Please talk to Kristian and Raquelle - let’s be generous
We’re about to enter the Christmas season - and do a short theme this month called “Beloved”
You know I actually love this word in the bible - because it’s one of the most significant words, and we seem to always underappreciate its meaning.
Today we’re going to take a look
Pray

Segment 1: Meditate on Scripture

Matthew 3:17 (ESV)
17 and behold, a voice from heaven said, “This is my beloved Son, with whom I am well pleased.”
Can I just start by saying this: we need to re-seek the art of meditating on Scripture. Not just reading it.
We’ve lost the art of meditating on Scripture - really sitting down with it, wrestling with it, allowing it to profoundly challenge and mold us.
There are many people in churches today that know the Word - but don’t love it
We can steal the significance from scripture by approaching it the wrong way, it loses its profoundness in our lives.
Can’t help but think of scripture as it says blessed is the man who DELIGHTS in the Word. (Psalm 1)
Let’s not turn scripture into some fast-food practise. We’re in an out in as quick a time as possible
By doing it this way - we rob scripture of the ability to really dig deep and transofrm our lives.

Segment 2: Beloved

Back to the passage
This is one of those verses we shouldn’t just gloss over - because there is so much profoundness here, so much significance.
Do you know that God the Father only speaks 2 times in this gospel? At Jesus’ baptism and at the transfiguration. And you know what He says both times?
“This is my BELOVED son, with whom I am well pleased”
Matthew 17:5 (ESV)
5 He was still speaking when, behold, a bright cloud overshadowed them, and a voice from the cloud said, “This is my BELOVED Son, with whom I am well pleased; listen to him.”
In both of these ONLY instances where God the Father speaks audibly - He seeks to communicate not just the fact that Jesus has authority as a son - but that He is also BELOVED. He is Dear to God.
Jesus was LOVED by God - He was dear to God, He was so precious to God.
It can be too easy to gloss over scripture and miss this significant moment.
It is God setting the stage for what is about to happen - I imagine there almost being a pain in this declaration:
Jesus is precious beyond measure to me - and yet I am going to sacrifice Him - for you.
This is my only son, whom I love - and I’m sending him to die, so that I can rescue you.
In my humble opinion, the love letter officially starts here - that declaration is for us.
This is where we should realise that God did not hold back for us, He did not send a nobody, He didn’t send someone He liked, He sent someone He loved - His only Son.
ILLUSTRATION: Kid gives up favourite toy
You know - kids are terrible when it comes to attributing value to things.

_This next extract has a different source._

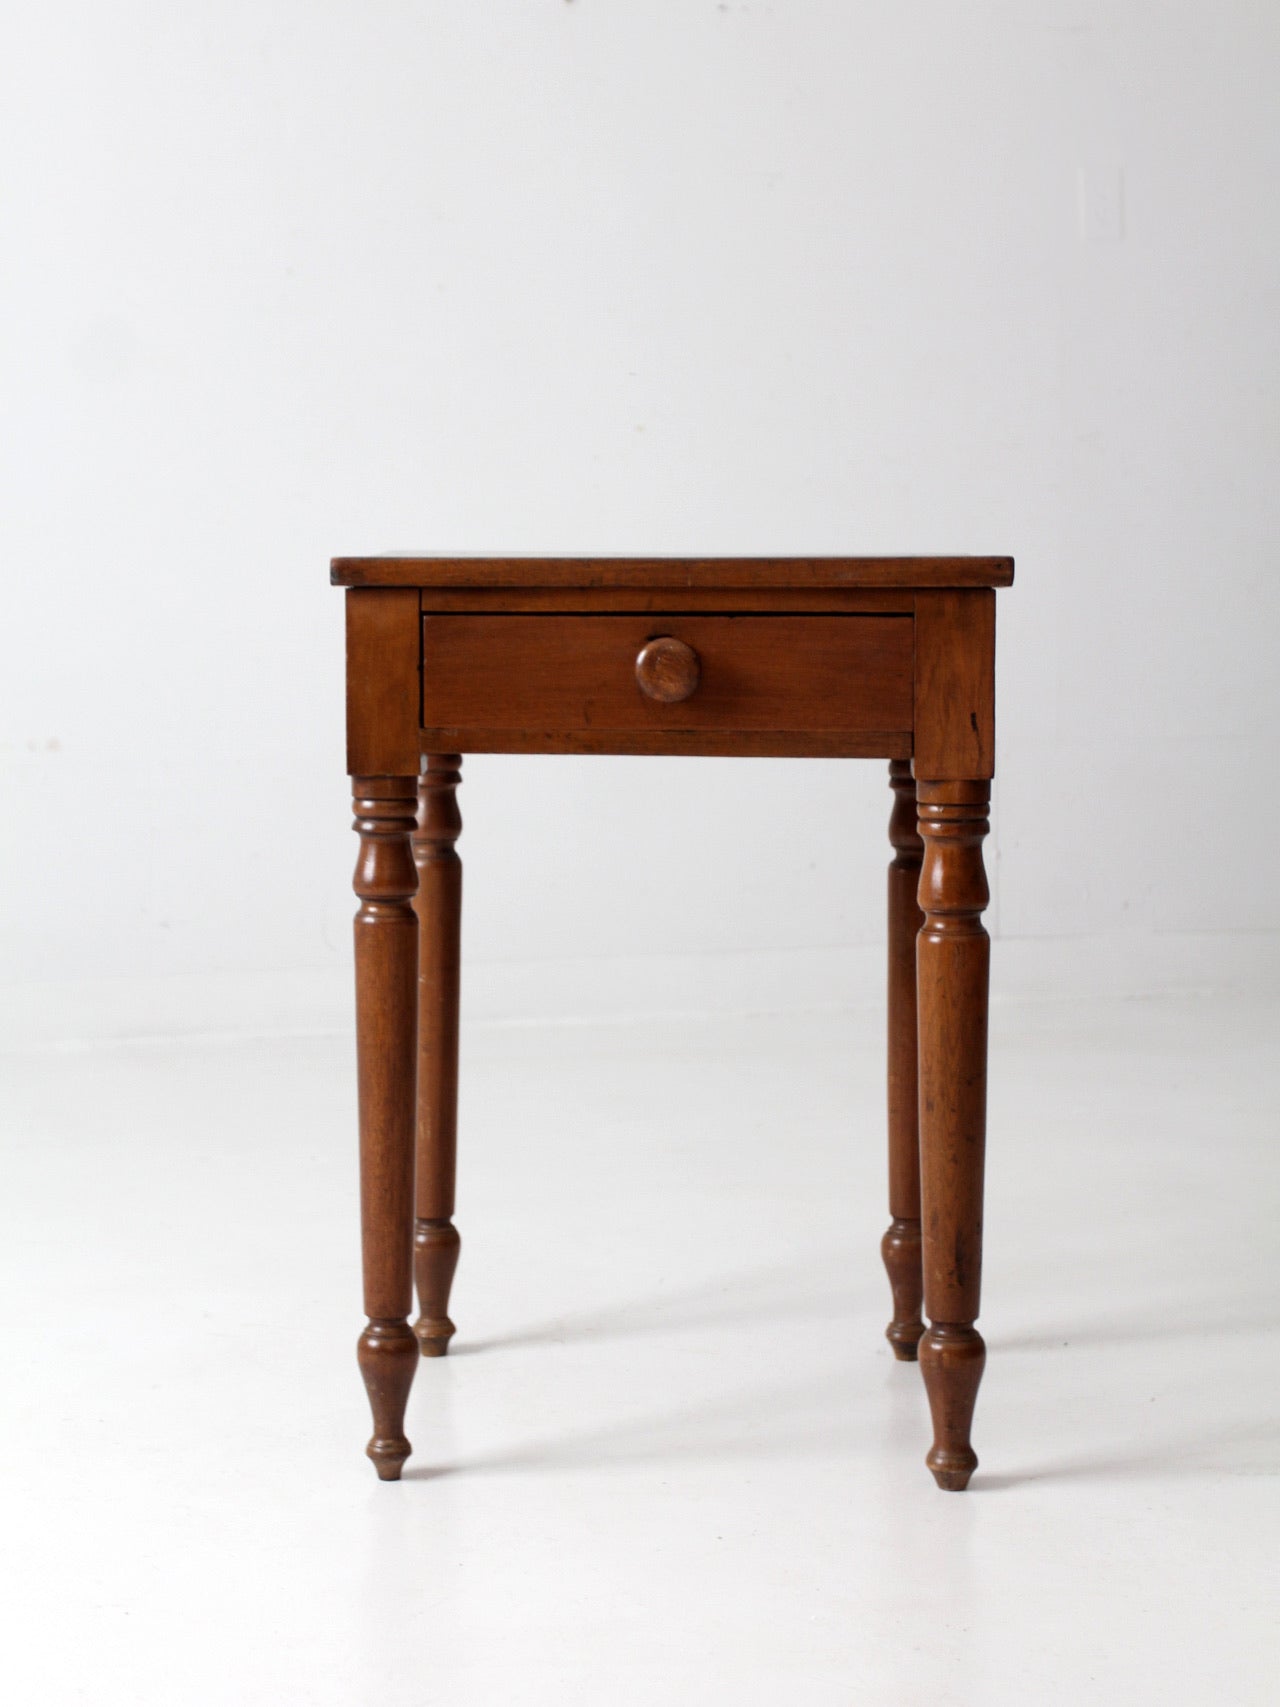 antique American Sheraton style side table

I remember arguing with Jackson a couple of weeks ago when I was over at his place. I said that I really liked this toy that he was playing with, and I asked him how much it would cost me to buy it off him? And he quoted me for a jillion dollars - or a zillion, he lost me at anything over a dollar. But it’s weird that while they can’t really attribute accurate monetary value to things - they still understand the meaning of value.
Back in one of the first churches I attended, we had a church garage sale which we hosted to help with the purchase of a potential new building. And I was responsible for one of these stalls where people would basically come and donate items that could then be sold for money. There were all sorts of items, old watches, keychains, someone donated an old TV - that sort of thing. It didn’t really work because it was an asian church - so like every seller wants to sell their items at daylight robbery prices, but every buyer wants a steal - not a good combo.
Anyway - about halfway through the fair this young kid walks up with his mum, and offers up this disgusting old bunny doll for us to sell. Now bear in mind, I’m not really good with kids, but I’m trying to be nice here. So I’m like - aww thanks, but in my asian mind, I’m like 5c max.
The moment he lets go of the bunny - this kid starts wailing like a madman. And when I’m like why? The mum explains to me that this rabbit was that boys first birthday present, and he goes everywhere with it, he sleeps with it, he talks to it, it’s basically his best friend; but when he heard that the church needed a new building he was searching for a way to help - and this bunny was the most precious thing he had, so he gave it over.
Now - before anyone crucifies me for trying to sell what was this poor kid’s best friend, you need to know his mum was just doing this so the boy could learn how to give - she actually bought the bunny back on the spot for $50. Which I thought was insanely unfair but hey that was my biggest sale of the day.
You know - sometimes I think we can almost take this approach to the cross; we only really see Jesus’ value from our perspective - as a sacrifice for our sins. Yeah He’s perfect, yeah He was the one, yeah He fit the bill perfectly.
But we often fail to perceive Jesus’ value to God the Father. He was so loved by God, how it must have pained the Father to send Him on this mission, How much it cost the Father.
And yet I think we can’t make the mistake of not seeing this angle - because otherwise we can fall into the temptation of seeing this just as some transaction, Jesus was the right amount - Jesus paid the price.
But our salvation was purchased at a cost that goes far beyond a mere transaction. It was emotional, it was PERSONAL, it was heart-wrenching, it cost the Father so much. We should never think of it as a mere “transaction”
And yet He paid it - for you.

Segment 3: God’s love can’t be earned

1 John 4:10–12 (ESV)
10 In this is love, not that we have loved God but that he loved us and sent his Son to be the propitiation for our sins. 11 Beloved, if God so loved us, we also ought to love one another. 12 No one has ever seen God; if we love one another, God abides in us and his love is perfected in us.
This passage is so much richer when we come into it with a full appreciation of just how much Jesus meant to God. When we understand just how big a sacrifice it was.
And immediately one statement should jump out at us: “THIS IS LOVE, NOT THAT WE LOVED, BUT THAT HE LOVED.”
In other words - God’s love is unprecedented. It is without prompting, it is unearned, undeserved, non transactional, it wasn’t a trade - it came upon us without us lifting a finger.
It is not a response to anything you have done - it is not a response to the love of man. It is without precedent - meaning it was freely given.
God’s love is entirely unearned - there was no action, no thought, no amount of money or time that caused God to pour out His love on you.
The only thing you can do in the face of such a relentless love is receive it.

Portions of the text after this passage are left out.